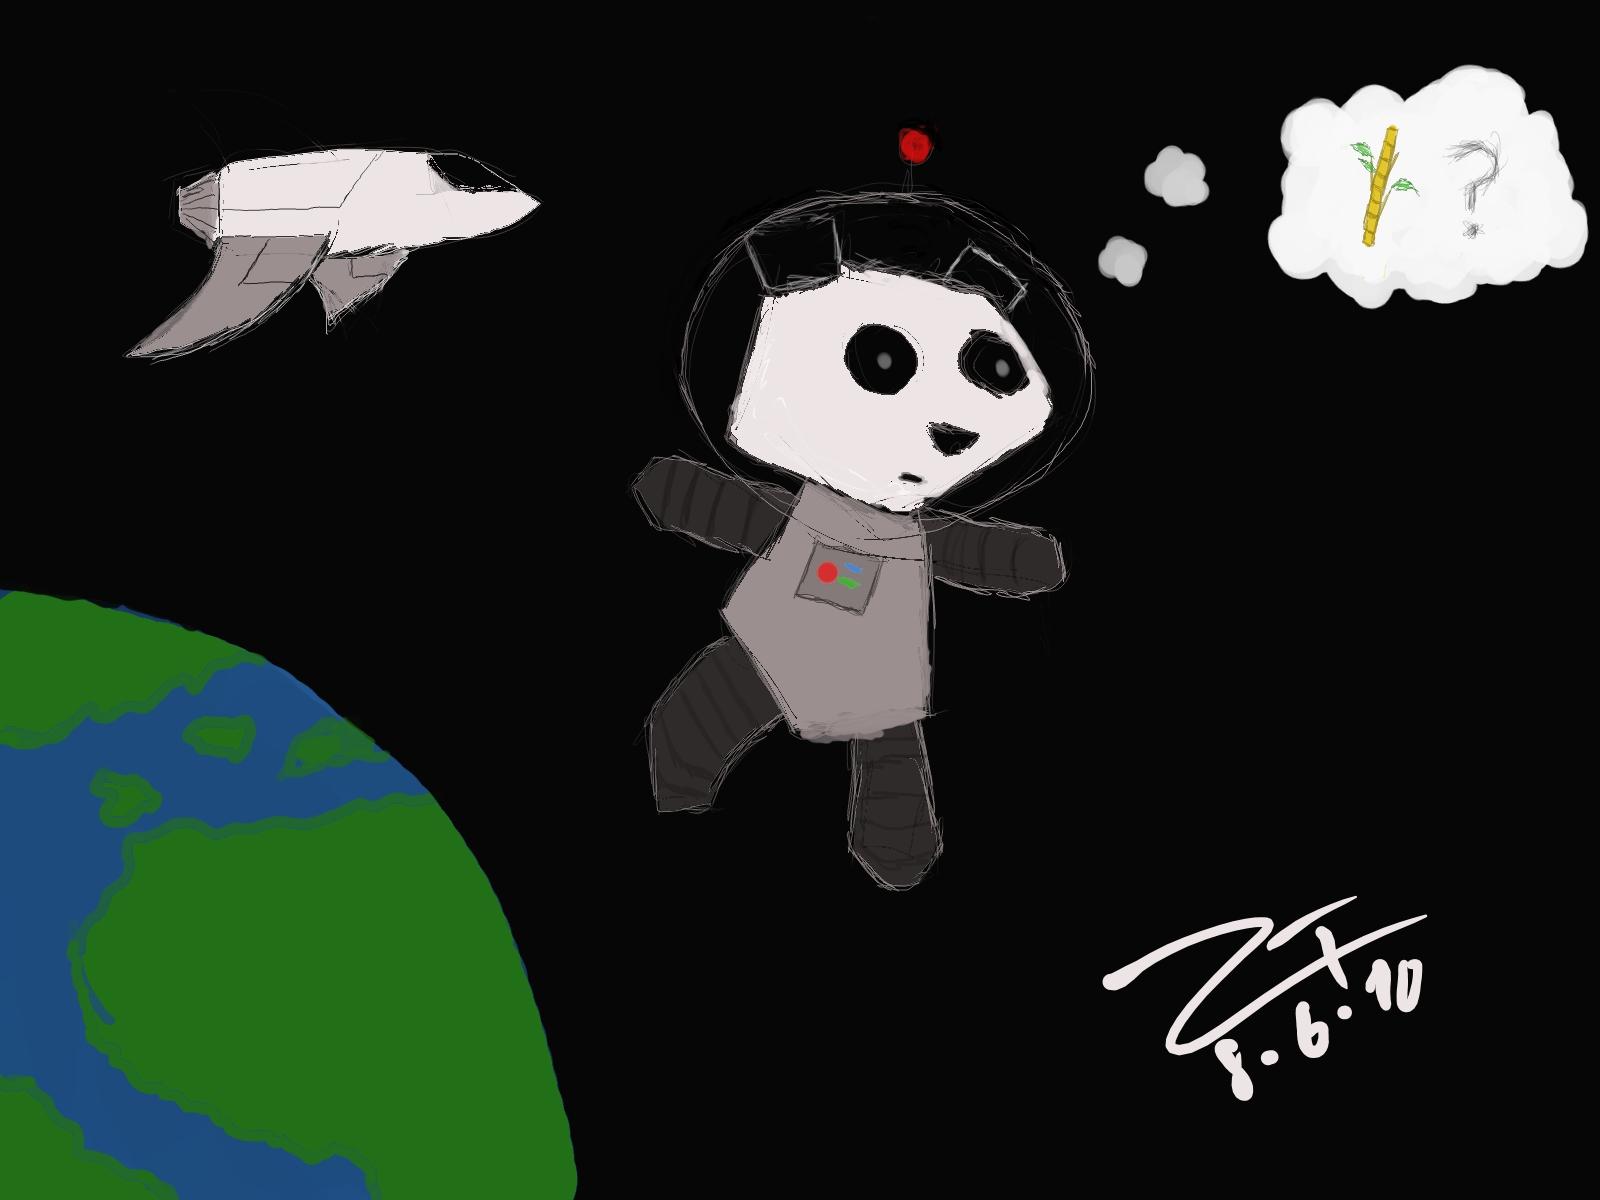 Space Panda!
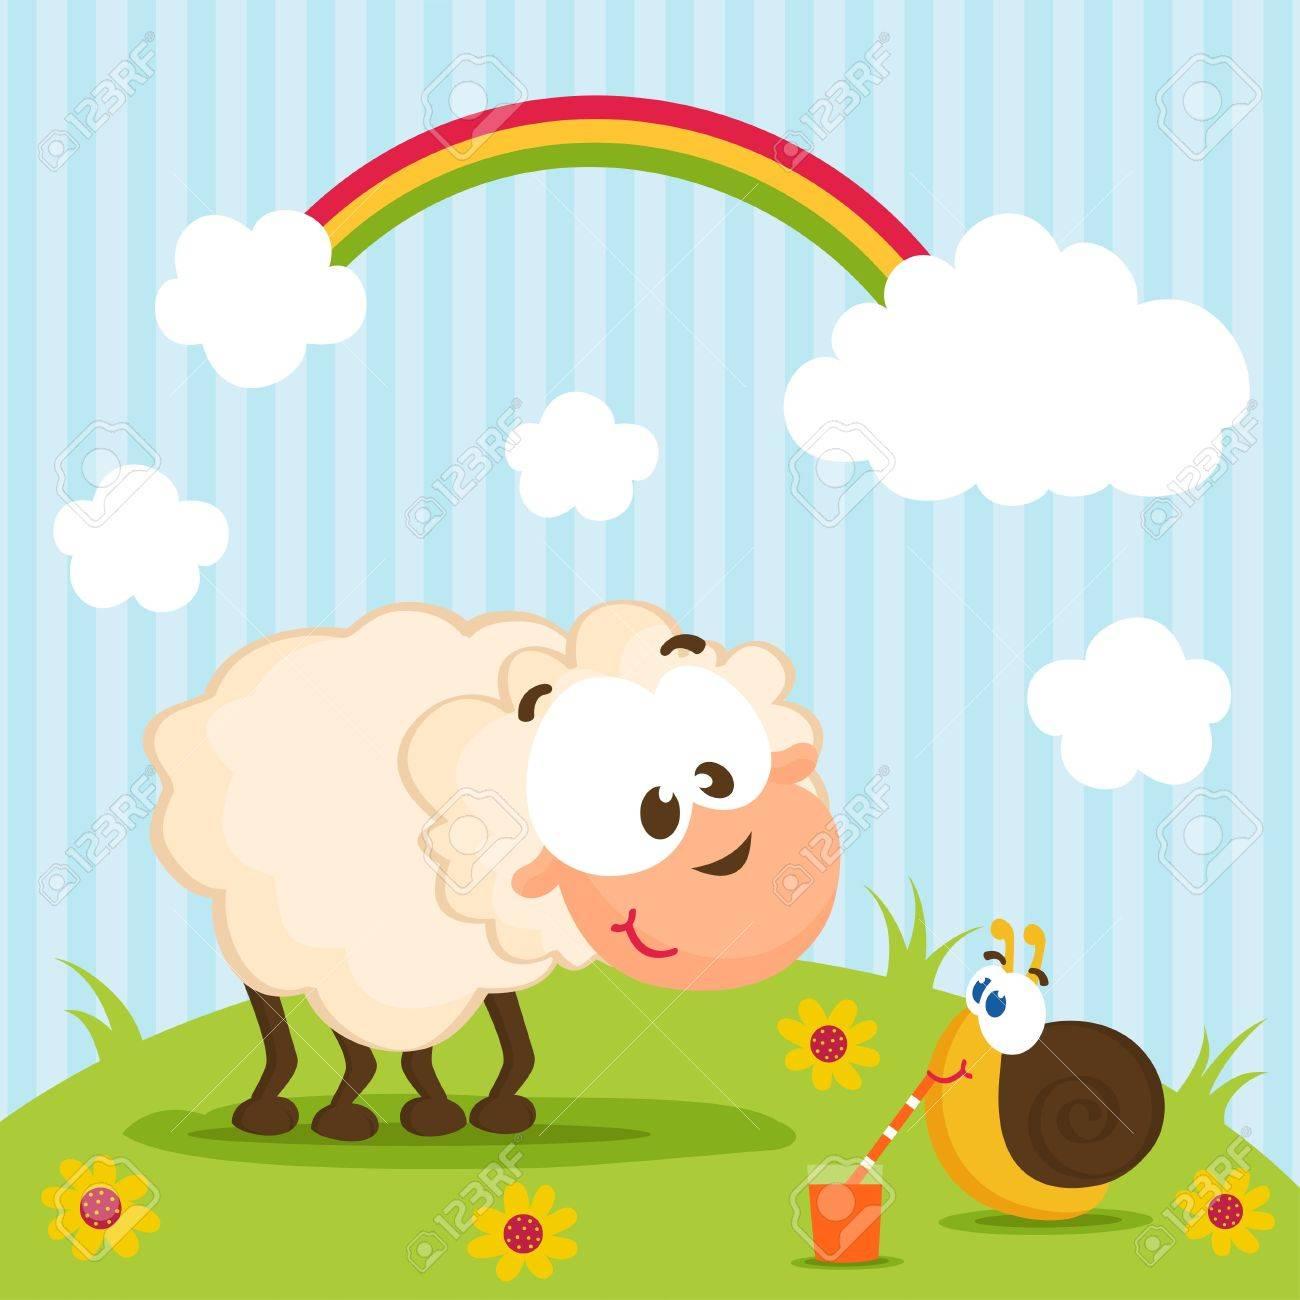 sheep and snail Standard-Bild - 17304352
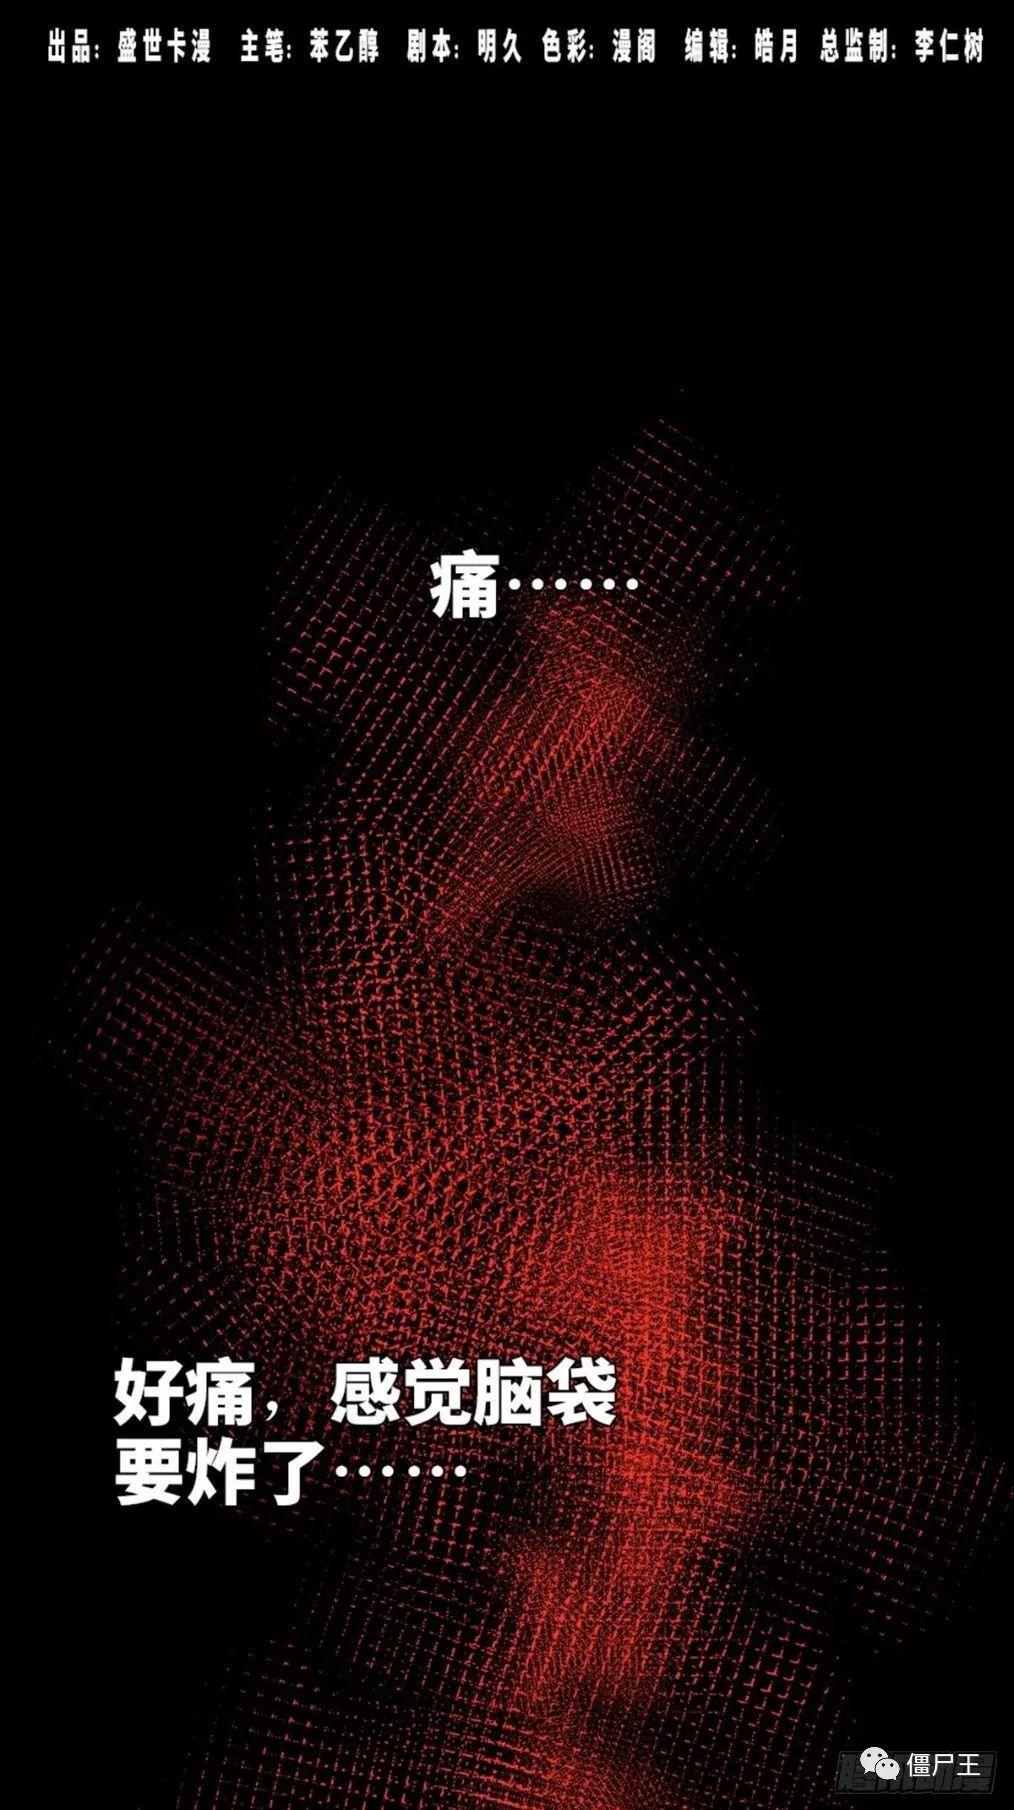 僵尸王漫画:心跳300秒之地狱之歌
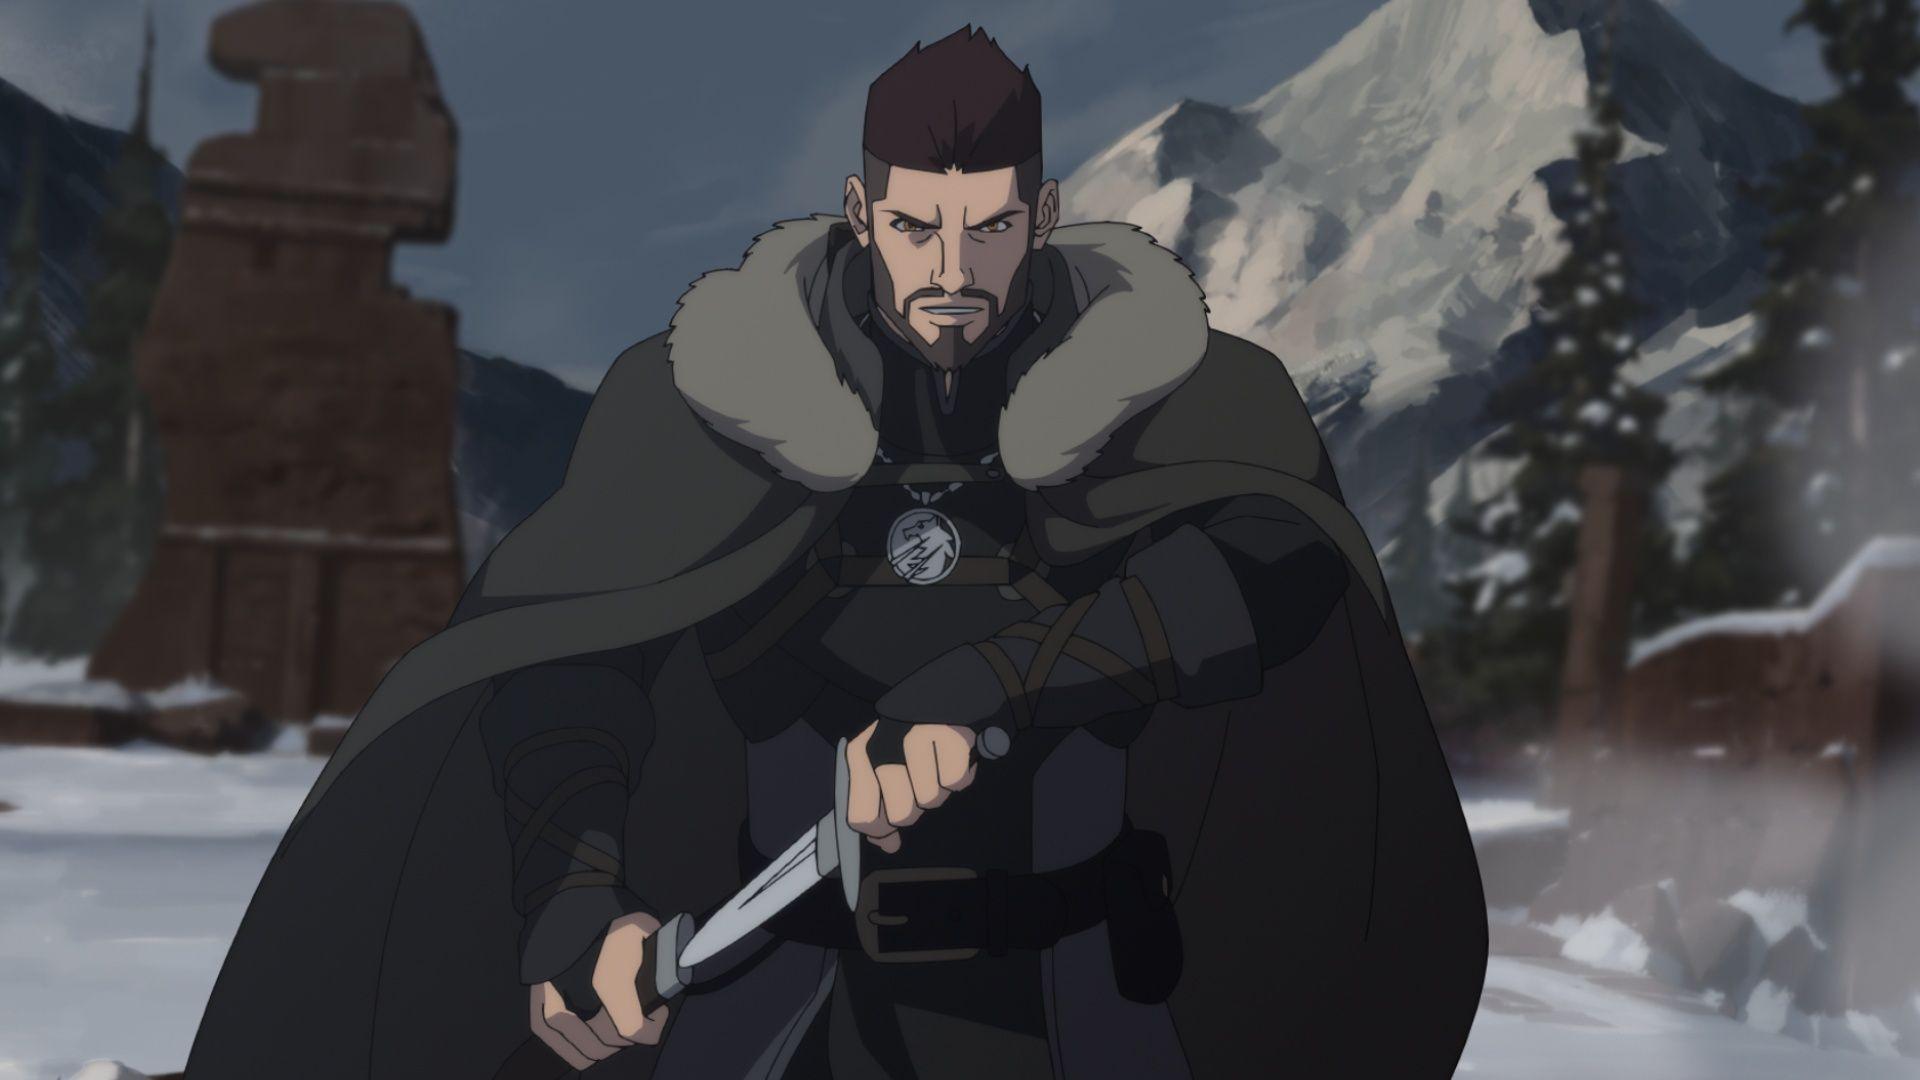 《獵魔士:狼之惡夢》。圖片來源/Netflix

## Task statement
Please retype the material in full, exactly as it reads, apart from the images.

## Result of the exercise
 Space Panda!
 sheep and snail Standard-Bild - 17304352
 僵尸王漫画:心跳300秒之地狱之歌
 《獵魔士:狼之惡夢》。圖片來源/Netflix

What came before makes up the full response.